One Of Governor Bradford's Books (Pastor John Robinson's
"Justification Of Separation"), Published In 1610, And Containing The
Governor's Autograph, Bears Almost 'prima Facie' Evidence Of Having Come
With Him In The MAY-FLOWER, But Of Course Might, Like The Above-Named
Relics, Have Come In Some Later Ship.
In this connection it is of interest to note what freight the MAY-FLOWER
carried for the intellectual needs of the Pilgrims.
Of Bibles, as the
"book of books," we may be sure - even without the evidence of the
inventories of the early dead - there was no lack, and there is reason to
believe that they existed in several tongues, viz. in English, Dutch, and
possibly French (the Walloon contribution from the Huguenots), while
there is little doubt that, alike as publishers and as "students of the
Word," Brewster, Bradford, and Winslow, at least, were possessed of, and
more or less familiar with, both the Latin and Greek Testaments.
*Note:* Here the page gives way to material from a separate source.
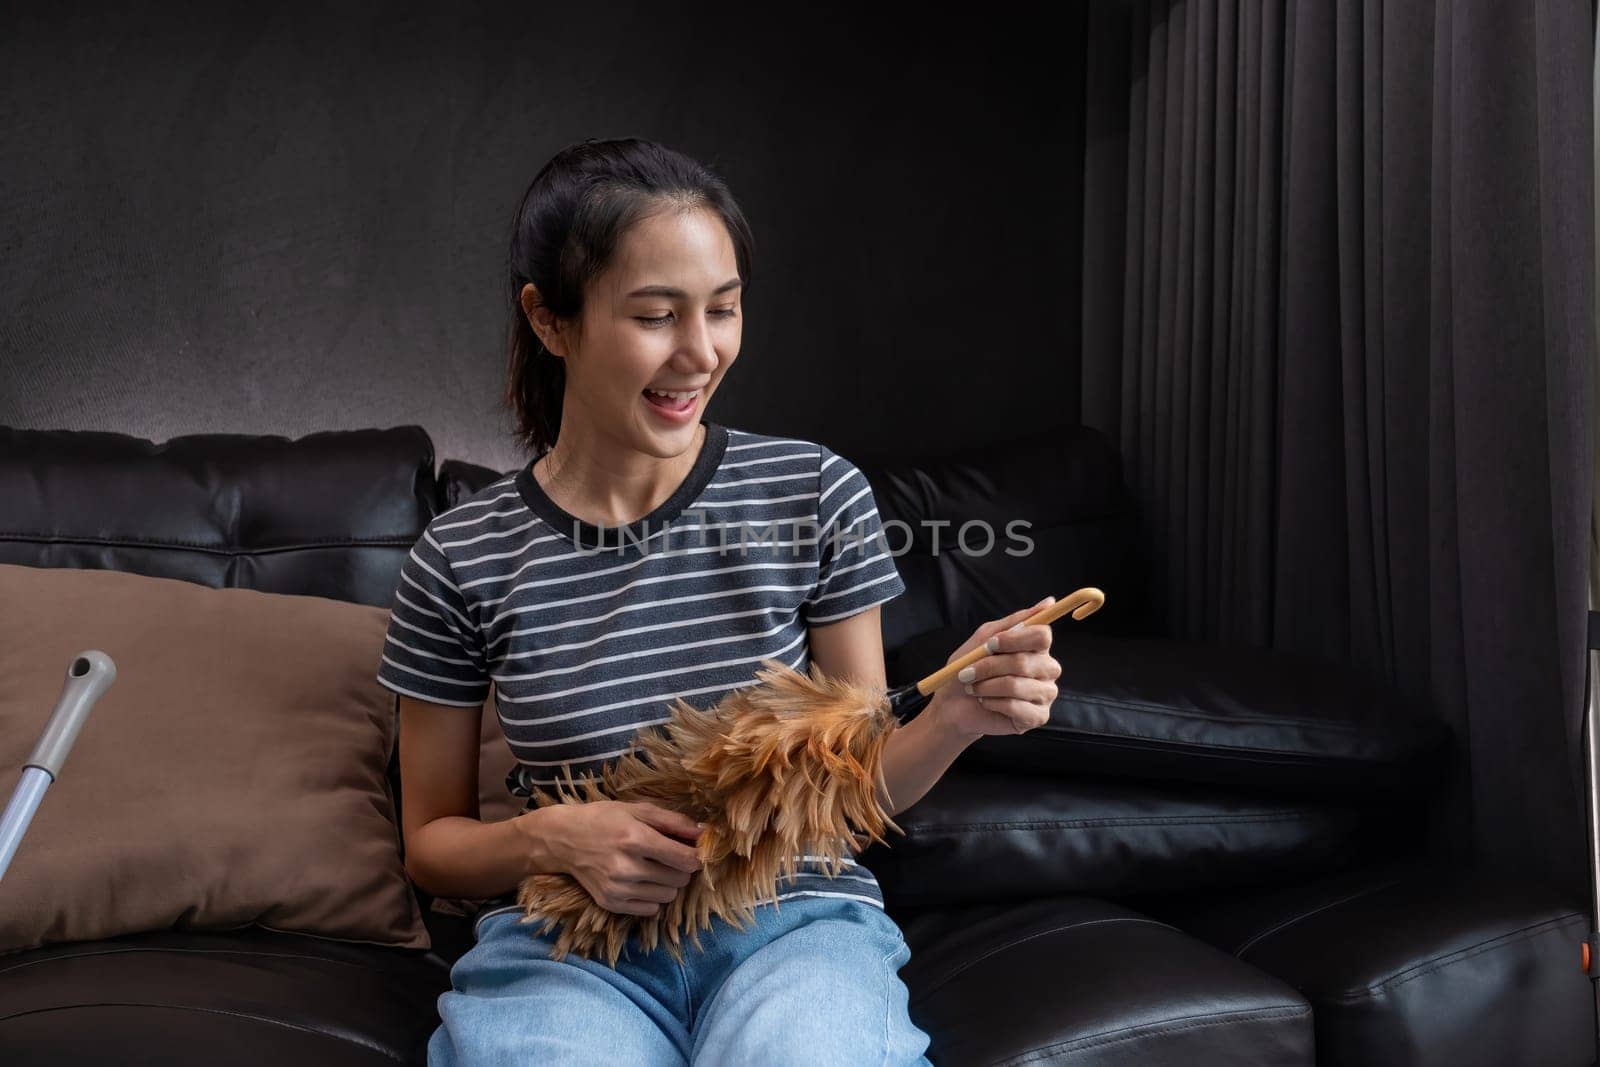 Smiling woman holding feather duster in living room. Concept of household chores and cleanliness.

It is
altogether probable, however, that Governor Bradford's well attested
study of "the oracles of God in the original" Hebrew, and his possession
of the essential Hebrew Bible, grammar, and lexicon, were of a later day.
Some few copies of the earliest hymnals ("psalme-bookes") - then very
limited in number - there is evidence that the Holland voyagers had with
them in the singing of their parting hymns at Leyden and Delfshaven, as
mentioned by Winslow and in the earlier inventories: These metrical
versions of the Psalms constituted at the time, practically, the only
hymnology permitted in the worship of the "Separatists," though the grand
hymn of Luther, "Ein feste Burg ist unser Gott," doubtless familiar to
them, must have commended itself as especially comforting and apposite.